You are on page 1of 8

Presentation On Case Related To

Group- 07 Shambhavi Barthwal- A06 Shweta Chauhan- A13 Nikita Gupta- A15 Rakhi Bhatia- A34 Sneha Singh- A35 Prakash Punj- A39

Introduction
Bata India is the largest retailer and leading manufacturer of footwear in India and is a part of the Bata Shoe Organization. Values: Constant innovation in design and product development , superior customer service, excellence in operational and commercial execution, entrepreneurial spirit and passion to win, teamwork in international environment, trust and respect for our employees, adding value to the community, delivering on our commitment to shareholders Bata India Today sells over 45 million pairs of footwear every year, serves over 130,000 customers every day, sells through over 1200 retail stores, operates 5 manufacturing facilities, employs more than 6300 people

Case Facts
Dispute arose on account of varying perceptions of workmen and the management. The workmen found (a) deduction of wages (b) closure of departments and (c) outsourcing On 08.jan.1999, workers gave a notice of strike to the management Management said demands are unjustified and all allegations are also untrue and didnt accept their demands. On 24.feb.1999 workers went on strike . Management announced a lockout immediately on 25.feb.1999 which was next day of strike . A Meeting was held on 21.04.1999 under the aegis of the Labour Commissioner, Haryana where workers indicated their willingness to resume work on the condition that wages should be paid during the period of lockout.

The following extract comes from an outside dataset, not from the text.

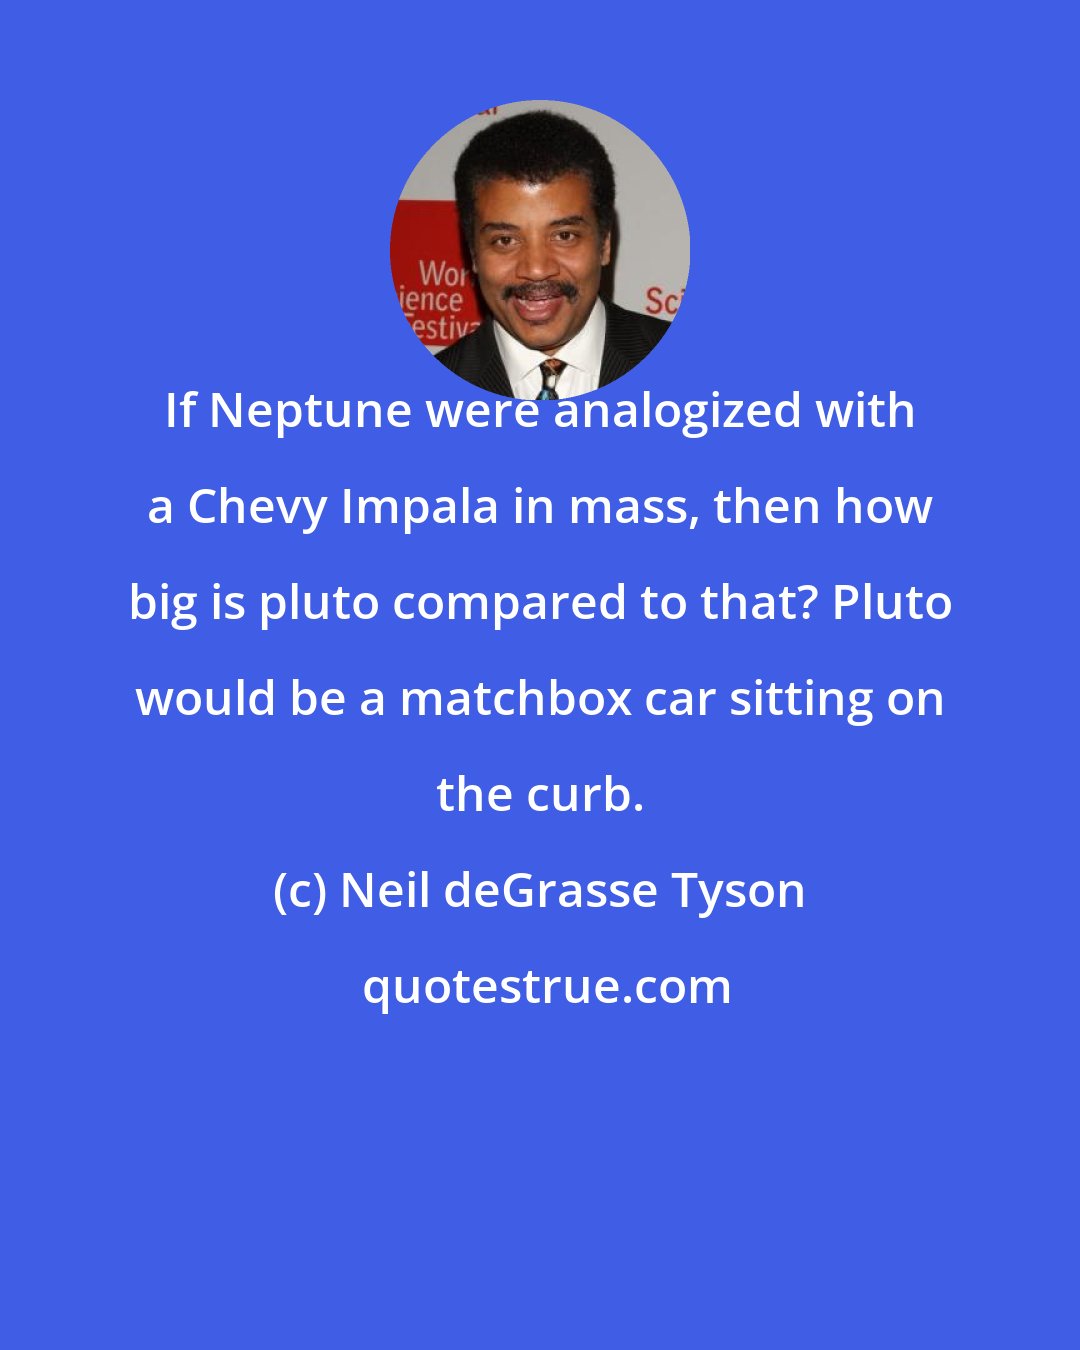 Neil deGrasse Tyson: If Neptune were analogized with a Chevy Impala in mass, then how big is pluto compared to that? Pluto would be a matchbox car sitting on the curb.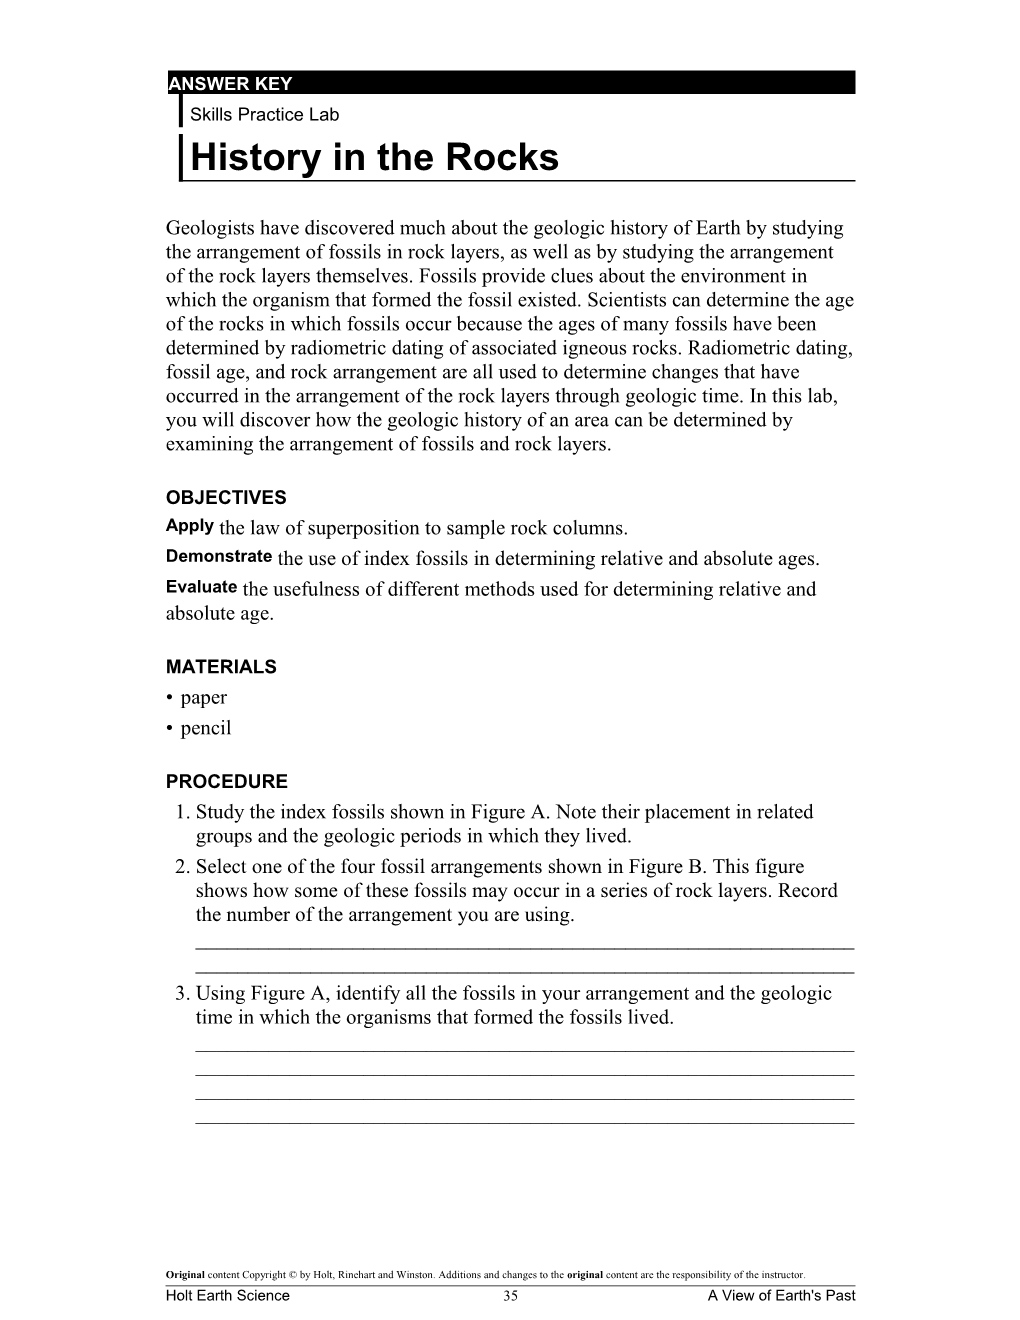 History in the Rocks

The management found this pre-condition to be unreasonable.

Contd
Reports were secured from the Labour Commissioner and Government declared the lockout to be illegal but the management filed a Petition before the Hon'ble Court challenging the order of government and an interim stay on lockout was ordered by the Court on 05.aug.1999. On 25.10.1999 a settlement arrived between the workers and the management when the lockout was lifted and the workers resumed work and a new memorandum was entered in to. Workers claimed wages for the period from 25.feb.1999 till 19.oct.1999 when the lockout continued. The issue of wages for adjudication was taken before the Labour Court.

Contd

Labour courts findings Strike was illegal and unjustified as proceedings were pending before conciliation officer [according to Sec.23(a) of Industrial Disputes act]. Lockout of the management was legal and justified. Workers were not entitled to get any wages for day of strike and for the period of lockout Contention on behalf of workmen Workers filed a petetion in high court There was no conciliation pending before the Board and therefore, the assumption of the Labour Court was clearly a serious legal flaw. The strike was observed after a due notice as required by law and the lockout was declared the next day of strike which was on 25.02.1999 was unjustified and illegal. Lockout was not only illegal but was unjustified also because the laborers had volunteered to resume work but the management prolonged the lockout till 25.oct.1999 for just one day strike.

Contd
In defense learned council on behalf of management
They pointed out strike is illegal because the three essential demands on the basis of which the workmen resorted to strike were all fully covered under the terms of settlement.[ Section 23(c)] Workers adopted go slow strategy causing a loss of over Rs.2 lacs per day to the management. Using filthy and abusive language for officers and sabotage of machinery. Even if the strike was legal and the lockout was illegal, it was still justified on the above grounds and the denial of wages as found by the Labour Court was proper

Contd
Contention on behalf of workmen
Workers were not going on a strike only for matters which were covered wholly under the agreement . The illegality of the strike had never been urged at any point of time on such a basis [sec 23(c)] No evidence to prove that the loss of rupees 2 lacs to management was due to the fault of workers. Even the machinery was destructed on 24.feb.1999 and its cash bill for machinery destructed was as on 24.feb.2000

Contd
Final Judgment of high court
Lockout was neither legal nor justified as the workmen willing to resume work in April 1999 so the continuation of lockout till October, 1999 was not justified. The workmen would be entitled to 50% of the wages for the entire period. Workmen will get all the benefits and gratuity will also be calculated treating the period of lockout as being in lawful service. The award of the Labour Court is set aside and petition is allowed to the above extent. It was urged on behalf of the petitioner (workers) before this Court that the amounts had not been deposited at the time of preferring the appeal due to wrong advice given by the counsel.